That keeps the contract backend-neutral even though the current support
boundary is X11-only.
The complete stable-vs-best-effort policy lives on the
[runtime contract](/runtime-contract) page.
## Sessions and sockets
Each session gets its own socket path, PID file, and live window mapping.
Public socket resolution order:
1. `--socket`
2. `DESKCTL_SOCKET_DIR/{session}.sock`
3. `XDG_RUNTIME_DIR/deskctl/{session}.sock`
4. `~/.deskctl/{session}.sock`
Most users should let `deskctl` manage this automatically. `--session` is the
main public knob when you need isolated daemon instances.

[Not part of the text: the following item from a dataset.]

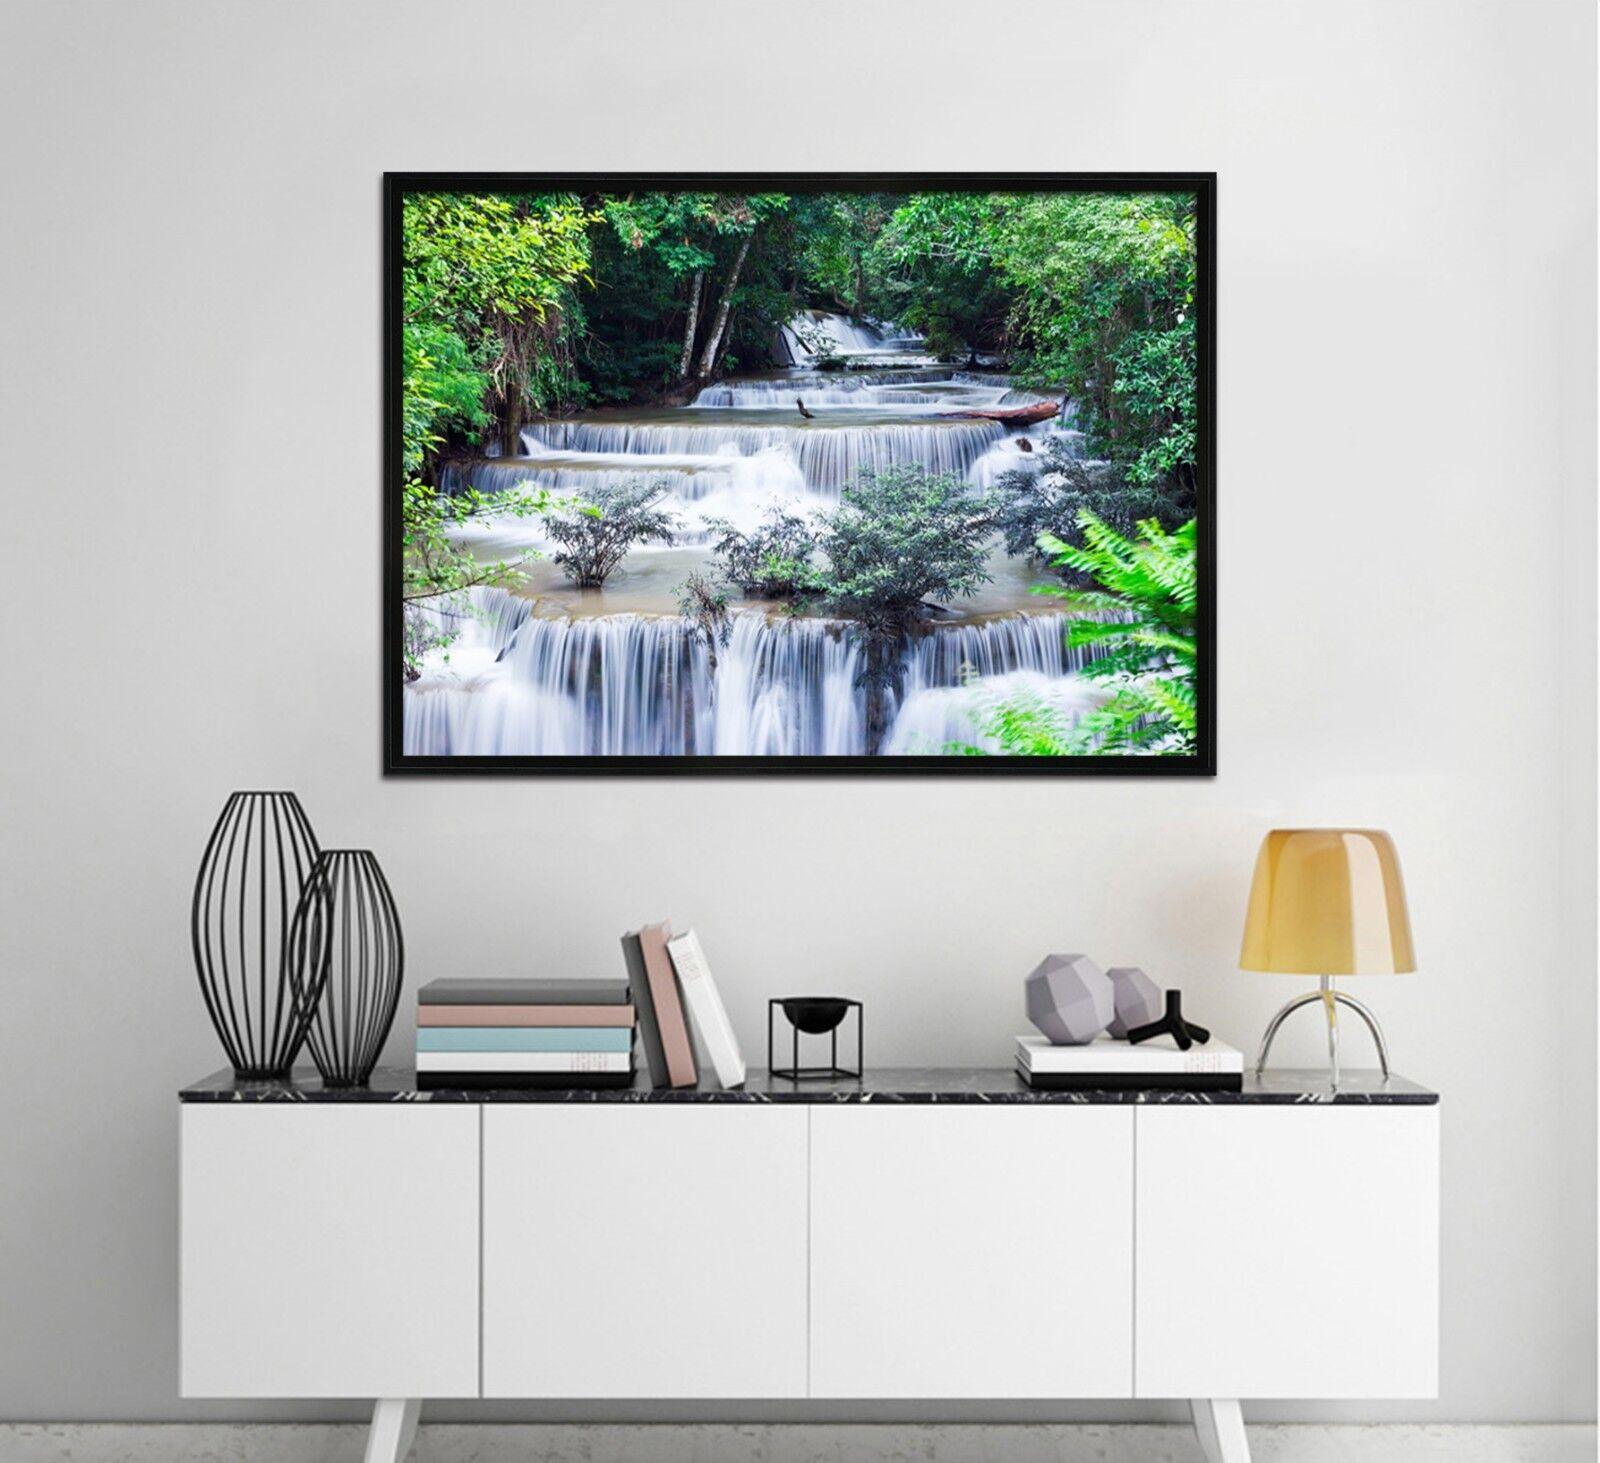 3d Bushes blanc Power 3 Framed Poster Home Decor Prints Painting Art AJ DE

## Diagnostics and failure handling
`deskctl doctor` runs before daemon startup and checks:
- display/session setup
- X11 connectivity
- basic window enumeration
- screenshot viability
- socket directory and stale-socket health
Selector and wait failures are structured in `--json` mode so clients can
recover without scraping text.
## Backend boundary
The backend is built around a `DesktopBackend` trait and currently ships with
an X11 implementation backed by `x11rb`.
The important public guarantee is not "portable desktop automation." The
important guarantee is "a correct and unsurprising Linux X11 runtime contract."
## X11 support boundary
This phase supports Linux X11 only.
That means:
- EWMH/window-manager properties matter
- monitor naming and some ordering details are best-effort
- Wayland and Hyprland are out of scope for the current contract
The runtime documents those boundaries explicitly instead of pretending the
surface is broader than it is.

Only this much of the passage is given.